Il giovane interprete fa parte del cast della nuova serie diretta da Roland Emmerich e Marco Kreuzpaintner, con protagonista Anthony Hopkins, disponibile su Amazon Prime Video da venerdì 19 luglio
Come nasce la carriera di un interprete? Come si evolve? Cosa significa inseguire un obbiettivo? A queste e a molte altre domande ha risposto Michael Maggi, l’attore trentunenne cresciuto nei pressi di Milano che, a partire da venerdì 19 luglio, troveremo in Those About to Die, la nuova serie tv distribuita da Amazon Prime Video che vede la partecipazione illustre di Anthony Hopkins, oltre a quella di altri grandi interpreti quali, ad esempio, Iwan Rheon (Il trono di spade), Jojo Macari (Sex Education), Tom Hughes (The English, Victoria) e Sara Martins (Non dirlo a nessuno, Delitti in Paradiso). Il progetto, una serie televisiva di produzione italo-tedesco-statunitense dedicata al mondo dell’antica Roma e, nello specifico, alla realtà delle arene e delle lotte tra gladiatori, è stato diretto da Marco Kreuzpaintner (Progetto Lazarus, Soulmates) e dal leggendario Roland Emmerich, noto per le regie di Independence Day (1996), Godzilla, The Day After Tomorrow, e altri ancora.

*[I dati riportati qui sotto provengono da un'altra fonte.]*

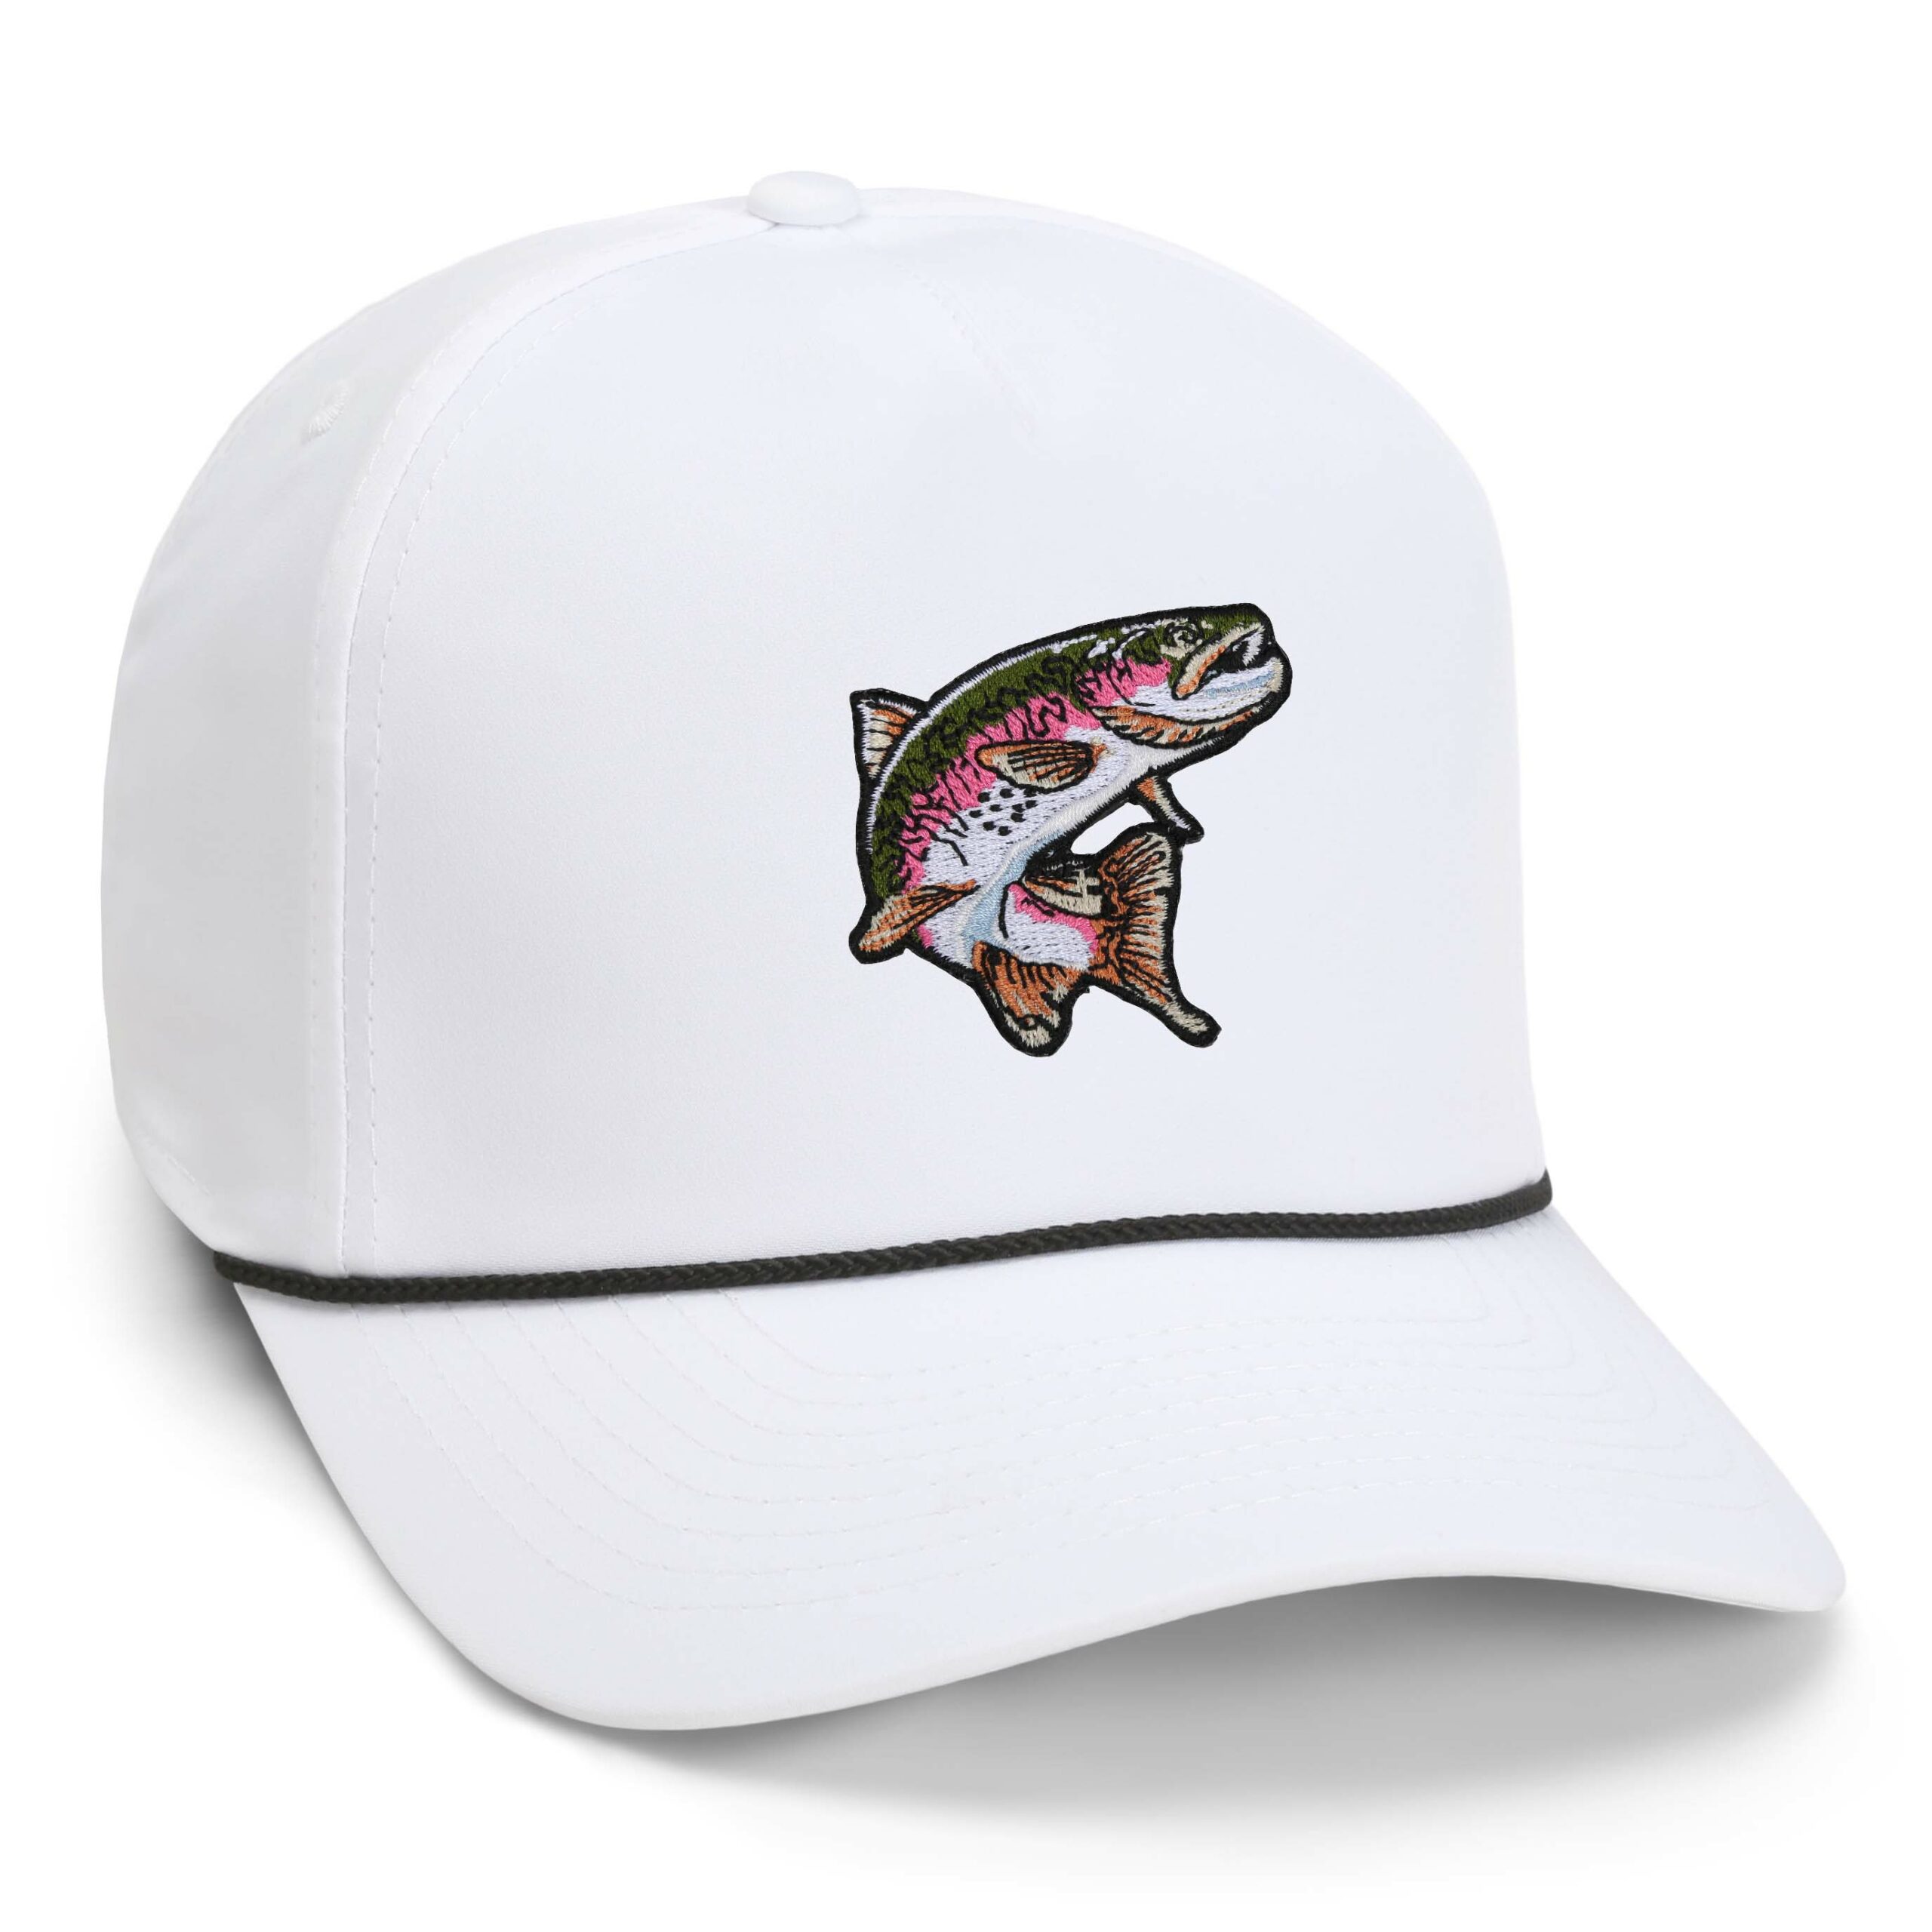 The Rainbow Trout - Performance Rope Cap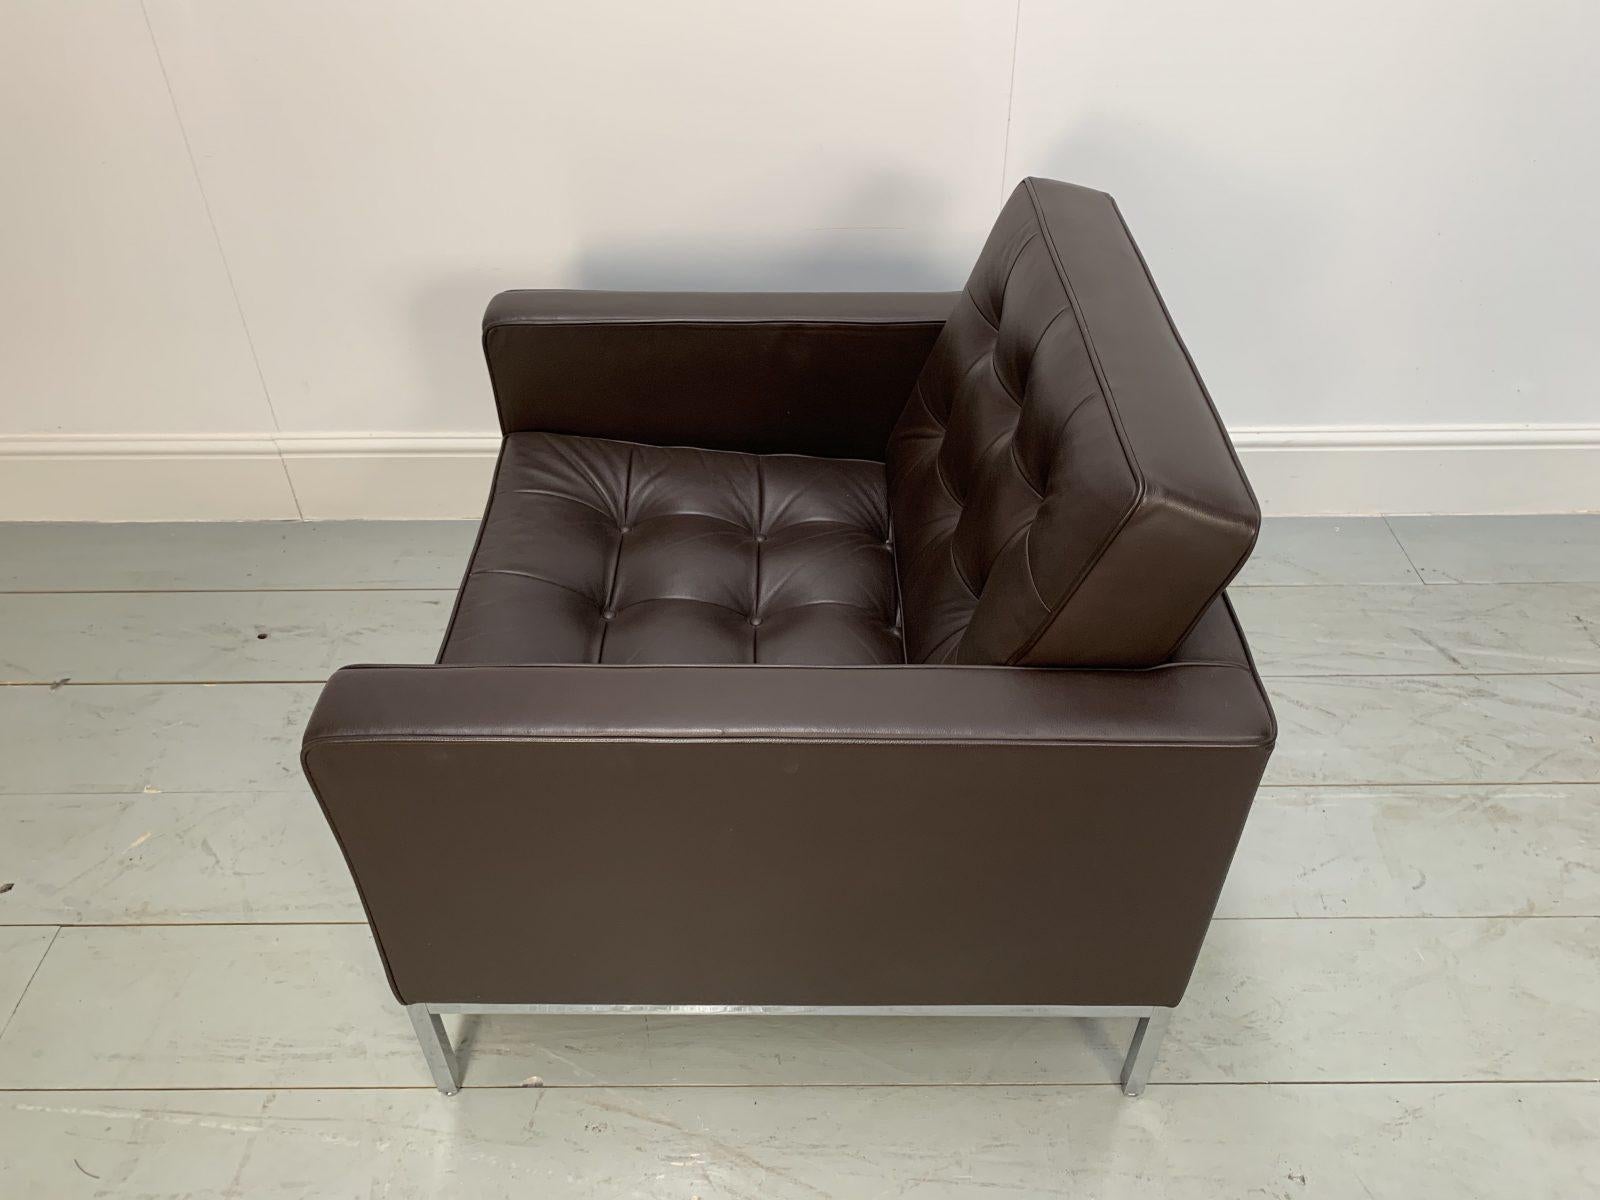 Contemporary Knoll Studio “Florence Knoll” Lounge Chair Armchair in “Sabrina” Mahogany Brown

Partendo dai primi piccoli passi che lo hanno avvicinato al mondo del cinema e arrivando a descrivere la magniloquenza di una produzione internazionale che lo ha portato a contatto con quel mondo che egli sognava sin dai più lontani ricordi, Michael Maggi ha dato prova di tutta la passione che da sempre lo muove in direzione della macchina da presa. I sogni di un bambino determinato si trasformano in una realtà difficilmente credibile, quasi surreale, e descrivono un mondo che, sebbene spesso venga idealizzato come irraggiungibile, si rivela poi come una realtà in cui potersi sentire accolto, sostenuto, parte di una famiglia. Il giovane interprete si è mostrato, raccontando l’approdo a questa nuova esperienza che, dopo le sue partecipazioni a progetti molto eterogenei come Blocco 181, Another End e Io sono l’abisso, potrebbe rappresentare il vero slancio verso una carriera che, mossa dalla sua ambizione e dal suo talento, lo vedrebbe arrivare sempre più lontano.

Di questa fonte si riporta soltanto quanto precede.